Política

PRIMEIRA ANÁLISE

A conjuntura atual e os defensivos e confusos movimentos de uma Lava Jato ferida

Novamente o noticiário político dá um nó na cabeça em suas viragens e sucessão de fatos. Para tentar entender um pouco o que está acontecendo escrevemos umas primeiras considerações sobre a conjuntura.

Leandro Lanfredi

São Paulo | @leandrolanfrdi

quarta-feira 6 de setembro| Edição do dia

Foto: Jorge William/Agência O globo

Os eventos recentes mostram que Janot e a Lava Jato estão enfraquecidos. Joesley também. Nesse enfraquecimento partiram para táticas descoordenadas e agressivas, atacando para melhor se defender. As denúncias que fizeram, atingem um ao outro e enfraquecem a segunda denúncia que Janot deve apresentar contra Temer, aumentando ainda mais a chance que o presidente golpista sobreviva até 2018.

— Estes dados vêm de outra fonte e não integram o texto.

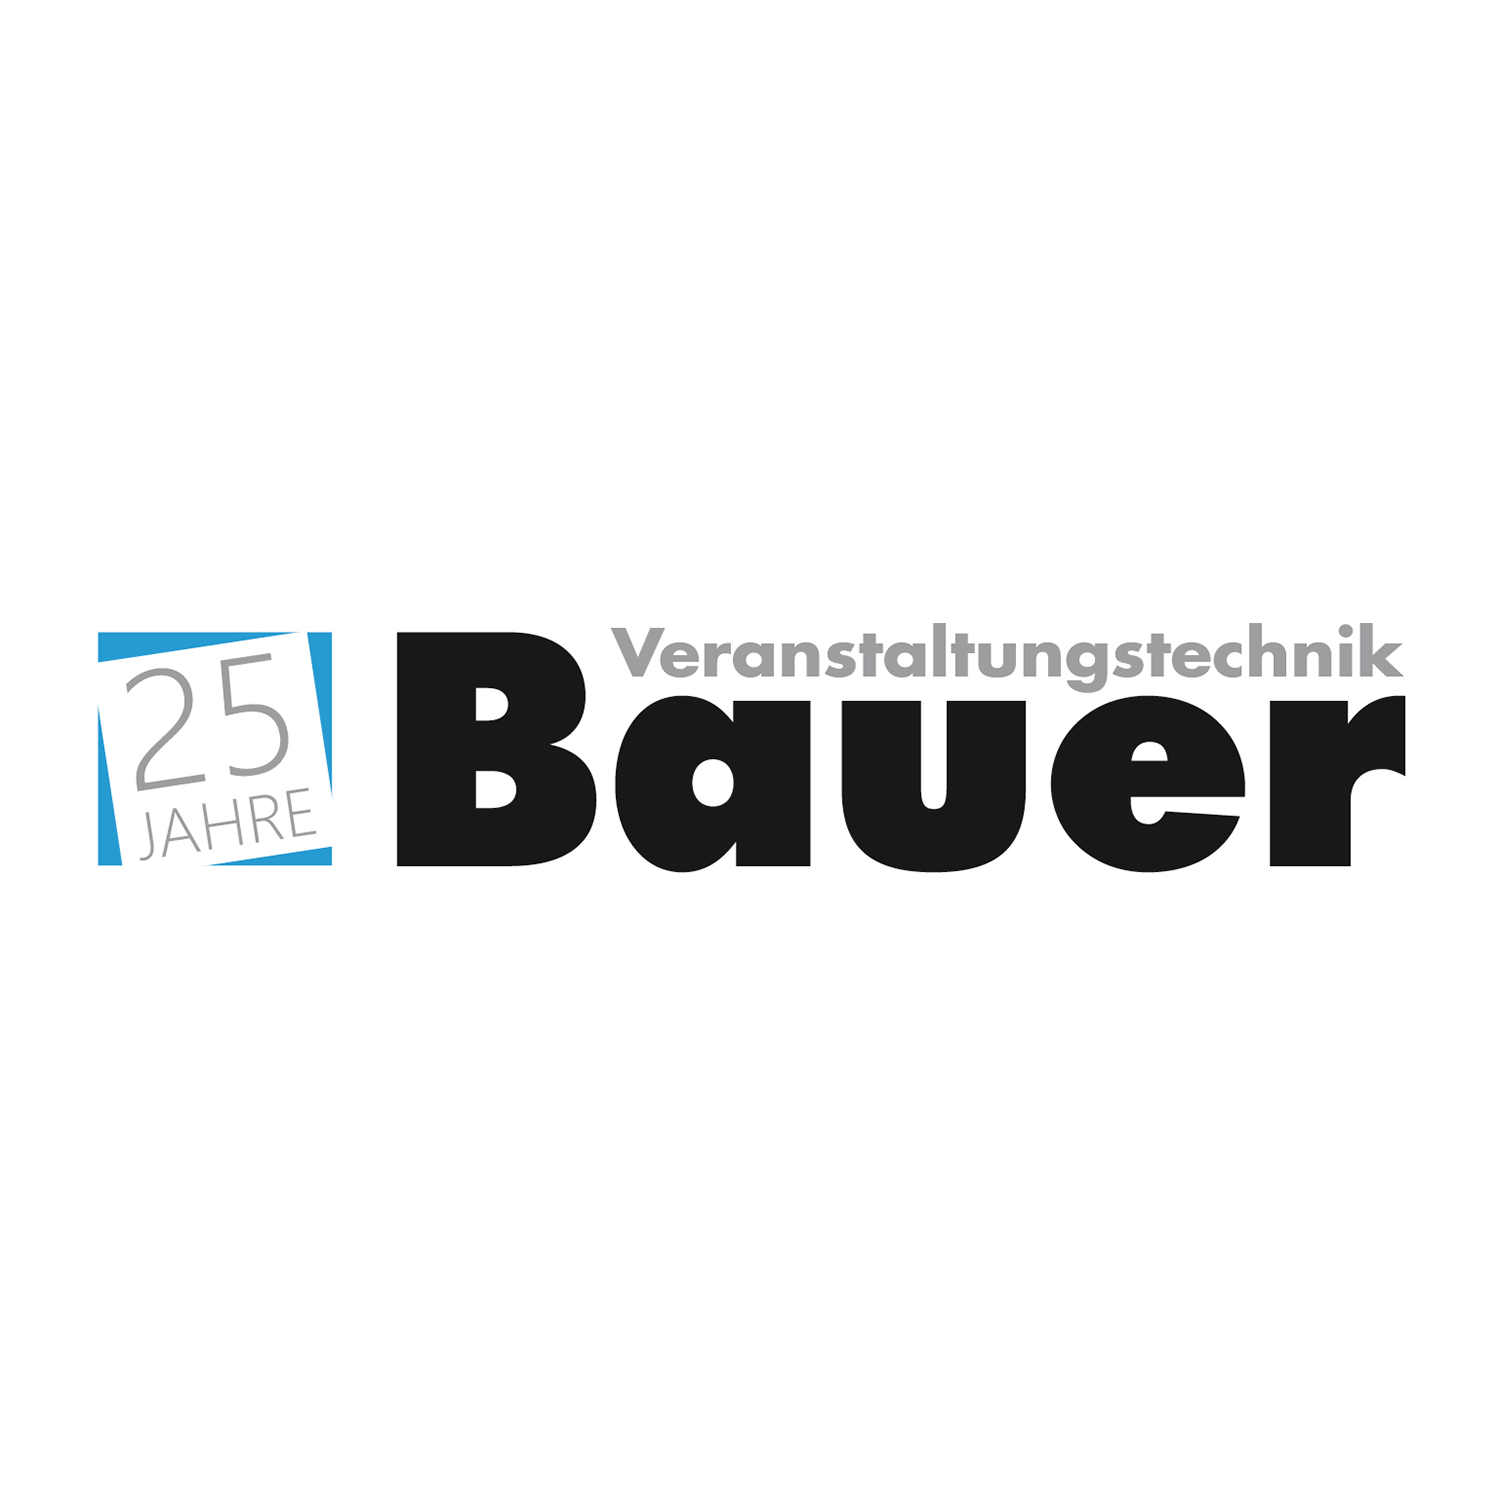 BAUER VERANSTALTUNGSTECHNIK in Wipperfürth - Logo

Porém, se falta força para Janot e Joesley realizarem seus planos individuais, eles têm força suficiente para seguirem “enlameando” todo regime, desta vez atingindo também o MPF e o STF. Tudo isso se combina a uma conjuntura marcada por medidas reacionárias contra os trabalhadores como a reforma trabalhista, o anúncio das privatizações e outras que são decorrentes/motivaram a permanência de Temer no poder. Garantindo ataques históricos Temer pode acalmar vozes dissonantes, como a Rede Globo, que estava ansiosa em sua destituição para garantir essas mesmas medidas, toda divisão tucana sobre a substituição de Temer foi trocada pela divisão sobre a sucessão no partido e quem será o candidato em 2018. O golpe dentro do golpe que tinha o trio Janot-Joesley-Globo como capitães não passou, e Temer pode continuar o capitão impopular dos ataques.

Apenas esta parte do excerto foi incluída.